Wednesday, January 5, 2011

Remember How This Day Will End

One of the people I was able to confide in at times was my older sister ~ although the isolation I experienced during those four years kept me from telling her everything.

Her best advice to me during those difficult years was "Remember How This Day Will End."  She told me that no matter what plans I had with him for any special occasion, I should always think ahead and remember how this day will end.

Because anything special always ended badly.

He liked to ruin those days that were meant to be special.
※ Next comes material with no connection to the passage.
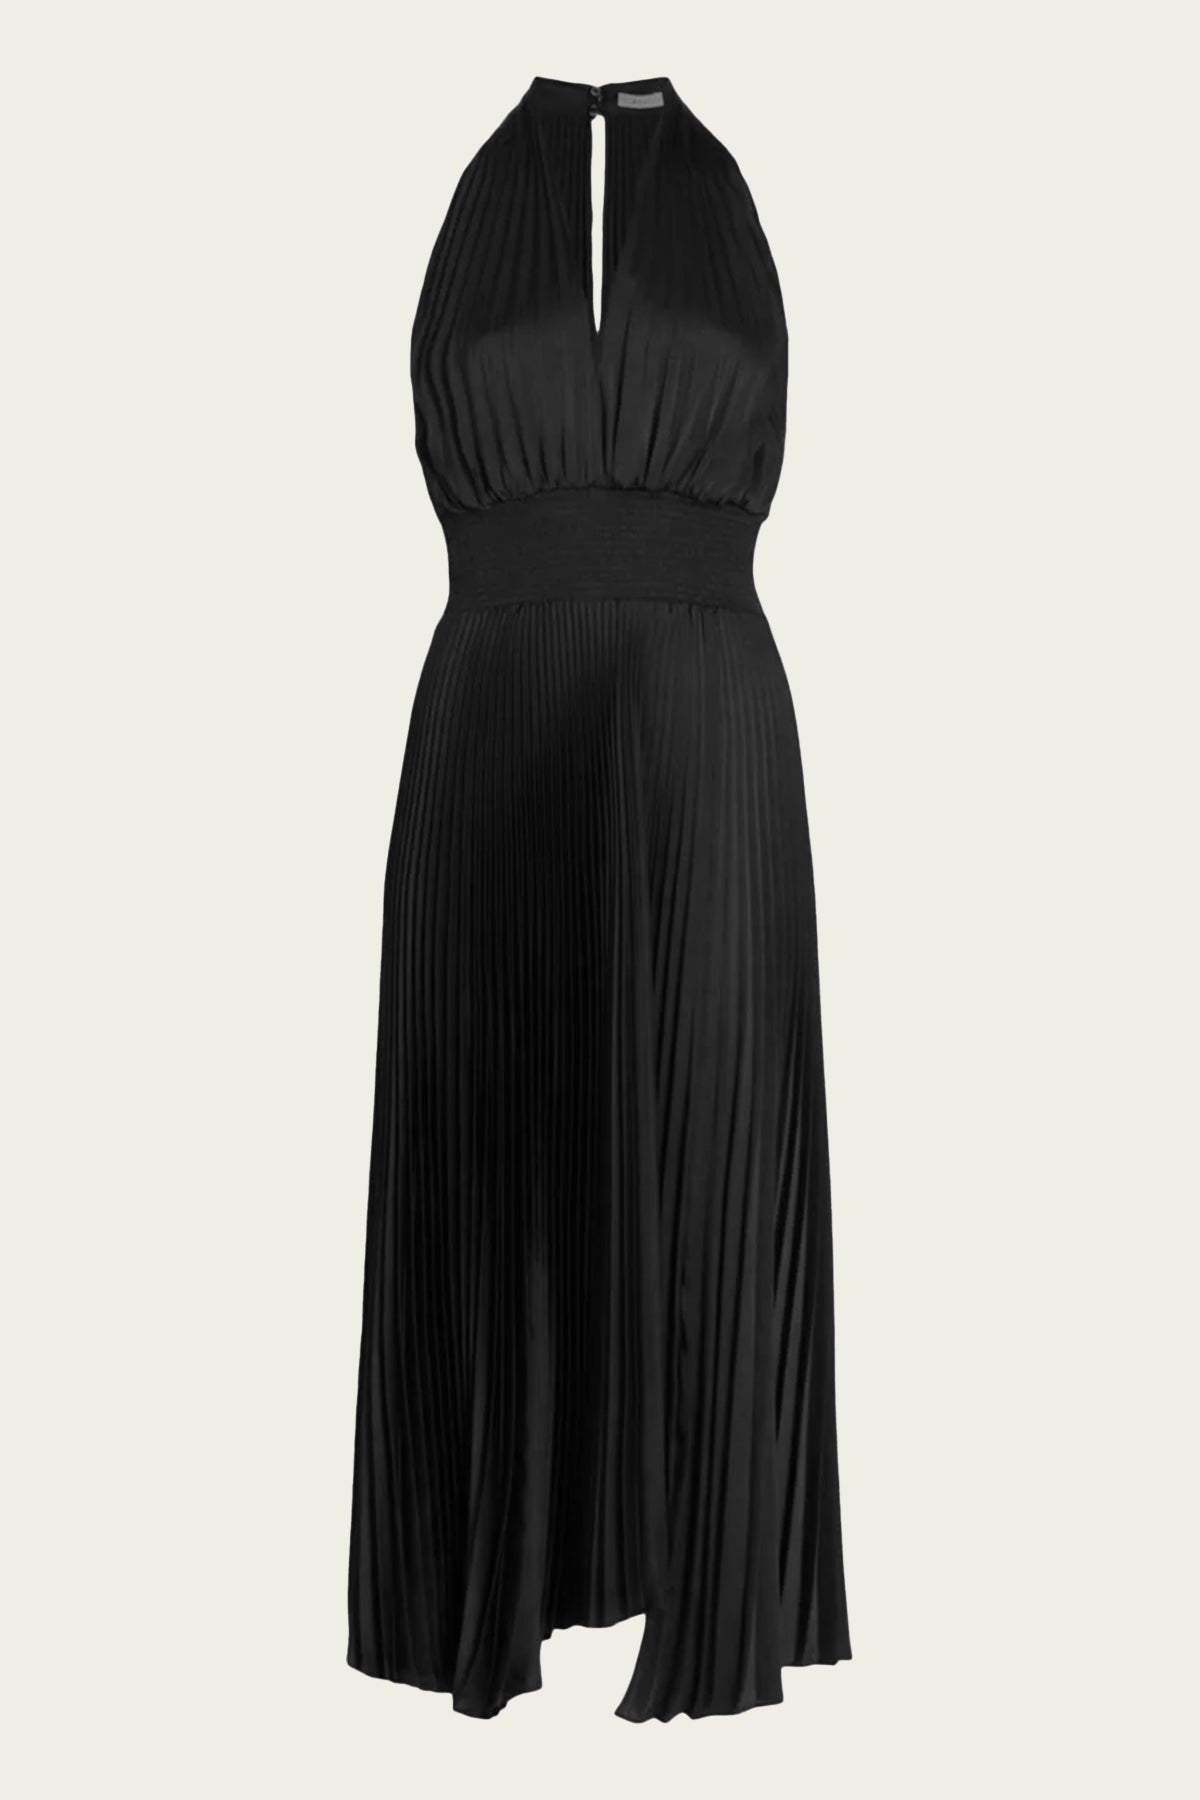 Satina Black Shirt Dress

There were Thanksgiving and Christmas holidays full of isolation and tension.  Never being able to see my own family at times.  And never being able to bring him, of course.  I never really told my father that we had even gotten back together after I left the Santa Cruz Mountains to get away from him long before we ever moved in together.

I remember one New Year's Eve spent up north at his second home.  He had sent me home on Christmas Day and refused to let me come back up during my vacation week.  I begged to be able to come up for New Years, mostly because I wanted to see the animals.

He was in A.A., and there was a big celebration at the Fellowship.  We went there for the speaker and stayed a little for the music, but he did not want to buy food from the grill that they had right in the center, so we drove back late in the evening to his house where he cooked a lavish meal of steak and vegetables that he charged me $20 to eat.  On our drive back to eat this 10:30 p.m. dinner, we got into an argument about his son who we had seen pulled over on the side of the road by the highway patrol on our route home.  He stopped and talked to the officer and got his son out of whatever was being questioned.  And as we drove off, we fought about a topic unrelated to his son being pulled over, and all of a sudden, he started pounding me in my left arm as he drove recklessly through the foothills.

So there I was ~ being beaten as he drove me home ~ and then being fed a $20 dinner that he cooked himself.  By now it was after 11 p.m., and he said we would go back to the New Year's Eve celebration and ring in the New Year at his fellowship.  Hurt, weary, and confused, I accompanied him back to a place of warmth and welcoming and wondered how I ever got myself into this situation 3 1/2 years earlier and how would I ever get out.  How would I ever get free?  Would the New Year bring freedom with it?

And somehow, it did.  Because he finally left me six months later after revealing to me that he had been having another relationship with another woman in this other town and that he "was done with me."

Sometimes, The New Year really does bring new beginnings.  And I thank God daily that 2005 was a new beginning for me.